E.2 Ranges of characters disallowed initially [charname.disallowed]
0300-036F, 1DC0-1DFF, 20D0-20FF, FE20-FE2F

These are four separate blocks of combining diacritical marks. This makes sense to disallow, since it might be nearly impossible to distinguish, say, e+0306 from 00EB.

But there's a load of WTF in what they allowed.

E.1 Ranges of characters allowed [charname.allowed]
00A8, 00AA, 00AD, 00AF, 00B2-00B5, 00B7-00BA, 00BC-00BE, 00C0-00D6, 00D8-00F6, 00F8-00FF

00AD is a "soft hyphen," i.e. a character that is completely invisible unless some software that performs word-wrap decides to break a line in the word that it appears in, in which case it appears completely indistiguishable from the regular ASCII hyphen. Because of course my source code editor wraps lines for me. And keep in mind, this isn't just characters allowed in the document (perhaps in string literals or comments), this is for identifier names! For those people whse idea of self-documenting code is to use identifiers that are 120 characters long.

00B4 is an acute accent. Lots of fun to be had there. ´WTF´ = "WTF"

For some reason 00B7 middle dot (·) is allowed, but 00D7 multiplication sign (×) and 00F7 division sign (÷) are excluded. Can I use the latter two as operators, or are they just disallowed?

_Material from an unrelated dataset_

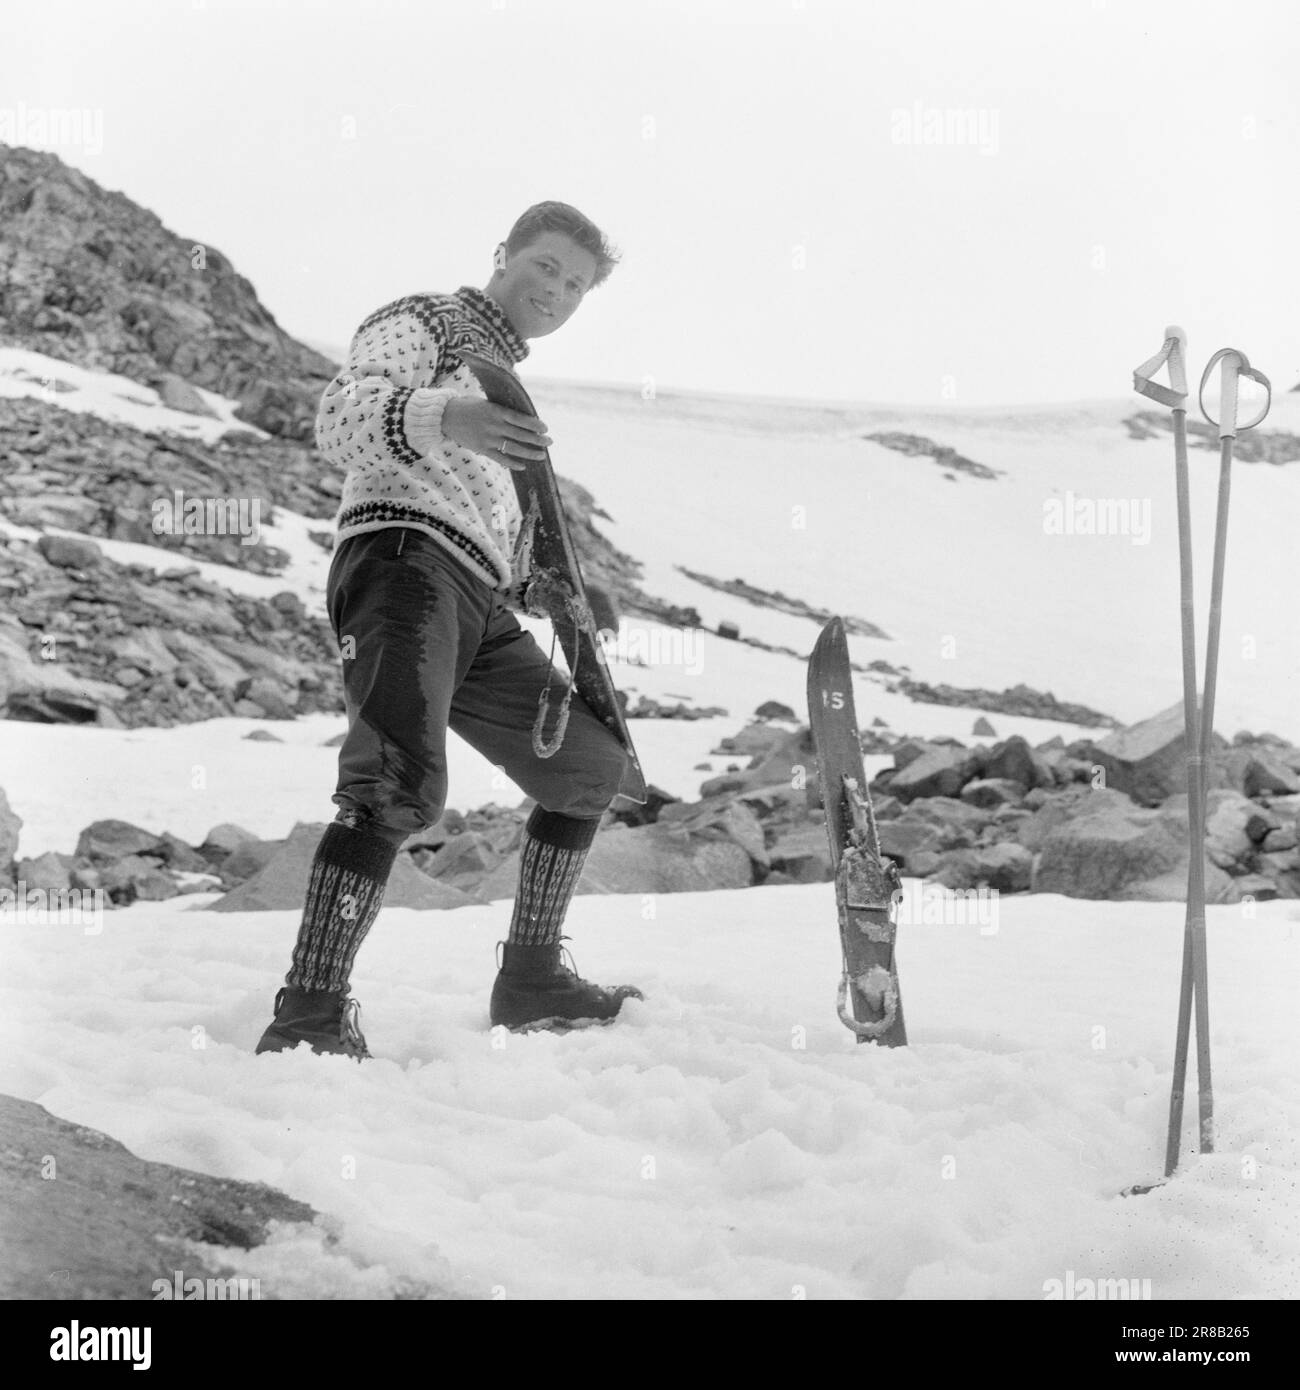 Aktuell 31-4-1960: Breite Skier über den Gletscher unter der Zunge des schwer gerissenen Svellnosbreen gibt es einen Skistall mit weniger als einem Meter langen Skiern. Aber wenn sie klein sind, sind sie im Gegenzug breit wie Schneeschuhe. Es hat keinen Sinn, sie zu treffen, wenn man es einfach schafft. Die Skier müssen für den Sommereinsatz geschmiert werden. Der Spezialist Kjell Fjeld hat eine gute Schicht Klebstoff untergelegt und jetzt glättet er liebevoll die Skier. Foto: Ivar Aaserud / Aktuell / NTB ***FOTO NICHT ABGEBILDET*** Stockfoto

The remainder of this group of allowed regions encompasses most every language in the world, which makes a sort of sense if you want to write variable names in Japanese or Korean or whatever. So perhaps it's more informative here to look at the characters they omitted.

1680 is omitted, Ogham space mark ( ). Because it's a space?

180E is a Mongolian vowel separator, a nonprinting character. But the nonprinting 180B-180D, Mongolian free variation selectors one, two, and three, are allowed.

2000-200A are spaces of various widths. But 200B, zero width space, is allowed, and 200C and 200D are also zero width characters. Then 200E and 200F, left-to-right and right-to-left marks, are omitted. What, I can't have a variable that reads partly left-to-right and partly right-to-left? But I can put zero-width characters into it?!

The 201x block is full of variations on the hyphen and quotation marks. And the omitted 202x characters are punctuation like the dagger and bullet. But 202A-202E are other variations on left-to-right and right-to-left indicators. So I CAN write variable names that are read partly left to right and partly right to left! (I admit to not knowing the difference between these different characters nor how they are meant to be used in mixed LTR/RTL text, but I find the exclusion of one set of these and inclusion of others interesting.

The next group of excluded characters 202F-203E includes another space, per-mille and per-ten-thousand signs (similar to percent), prime and double-prime and such (wait, I can't make a variable named a prime? I guess I've have to use 00B4 acute accent instead), and some other miscellaneous punctuation including the interrobang (‽ - I could have really used this two paragraphs ago!). They allowed 203F, 2040, and 2054 which are some sort of character ties (‿ ⁀ ⁔, fun if you want to parenthesize text written vertically, I guess) but omitted a bunch of other weird punctuation here.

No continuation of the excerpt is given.